HKUNLP / ChunkLlama

[ICML'24] Data and code for our paper "Training-Free Long-Context Scaling of Large Language Models"
Apache License 2.0
341 stars 18 forks source link

needle test with llama2 #11

Closed MarsMeng1994 closed 5 months ago

MarsMeng1994 commented 5 months ago
image image

9k is going to not work

model: Llama-2-7b-hf transformers: 4.37.2 torch: 2.0.1 flash-attn: 2.5.2

my cmd: python retrieve_needle.py --max_length 192k --model llama --dca

ChenxinAn-fdu commented 5 months ago

Hi! Thank you for this issue. Pls set the --pretraining_length 4096 for Llama2. python retrieve_needle.py --max_length 192k --pretraining_length 4096 --model llama --dca The default value is set to 32k due to my latest experiment on Mistral. Sorry for the inconvenience.

MarsMeng1994 commented 5 months ago

Hi! Thank you for this issue. Pls set the --pretraining_length 4096 for Llama2. python retrieve_needle.py --max_length 192k --pretraining_length 4096 --model llama --dca The default value is set to 32k due to my latest experiment on Mistral.

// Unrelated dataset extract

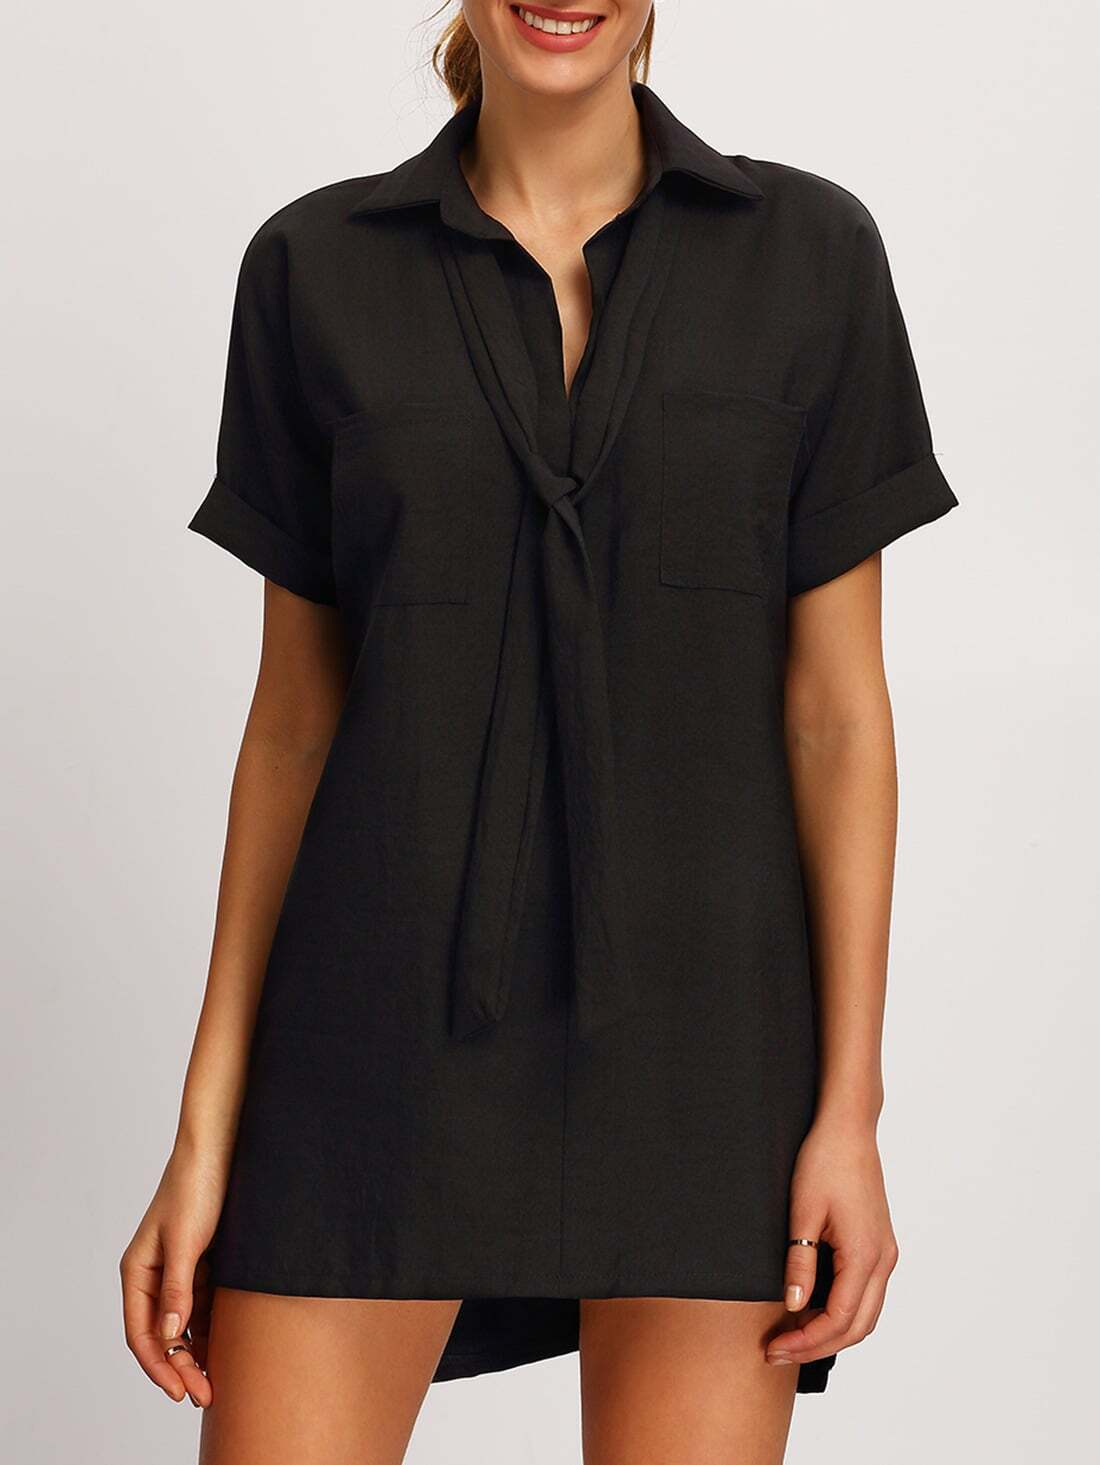 Kurzarm t shirt kleid vorne kurz hinten lang mit - Kleid lang mit schlitz ...

Sorry for the inconvenience.

sorry, i forget to say but my --pretraining_length is already 4096

image
MarsMeng1994 commented 5 months ago

oh, i find the problem

image

it default use replace_with_chunkmistral

ChenxinAn-fdu commented 5 months ago

Hahaha I think so! Does it work now?

ChenxinAn-fdu commented 5 months ago

I will close this issue for now. Should you have any further questions or concerns, please don't hesitate to reopen it.